Comparable to her chapter on Dickens, Matus’s reading of George Eliot’s The Lifted Veil and Daniel Deronda weaves together a rich web of connections between Eliot’s work, George Henry Lewes and “his ideas about physiology and psychology” (124), and “Victorian and subsequent emotion theory” (124).  Of particular interest in this chapter is the way that Matus treats the idea of psychic shock in Eliot’s work as something that wounds its victims (138).  For Matus, Eliot’s rich treatment of characters particularly focuses on the internal workings of the mind, especially the act of processing emotions that are sometimes so intense that they can be crippling (122).  Thinking through this idea, she succeeds in unpacking Eliot’s rich narratives, bringing to light the complicated “struggle” (150) that characters such as Gwendolen in Daniel Deronda and Latimer in The Lifted Veil must endure as they attempt to cope with “overwhelming emotions” (121) that surface as the result of traumatic incidents.  The Dickens and Eliot chapters, will, no doubt, be of interest to scholars interested in the work of these two authors.  However, Matus’s groundbreaking scholarship here can certainly lend to interesting and informative readings of the role that psychic shock played in the works of the contemporaries of Dickens and Eliot.

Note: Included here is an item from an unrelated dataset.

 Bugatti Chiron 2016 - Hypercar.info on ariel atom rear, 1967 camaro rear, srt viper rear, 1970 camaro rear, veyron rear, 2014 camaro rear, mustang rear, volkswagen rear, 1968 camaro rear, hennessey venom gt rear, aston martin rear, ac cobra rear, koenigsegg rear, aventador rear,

Overall, Shock, Memory, and the Unconscious in Victorian Fiction offers a rich overview of the evolution of the Victorian interest in the mind and its complicated processes.  Including texts such as scientific treatises and more recent scholarship relating to the development of trauma theory allows Matus the ability to provocatively scrutinize well-loved canonical works of literature for an additional (and previously neglected) layer of meaning stemming from a lively discourse between literature and science.  Educational and enlightening, Matus’s book is a useful tool for anyone investigating the intersections between trauma theory and Victorian literature.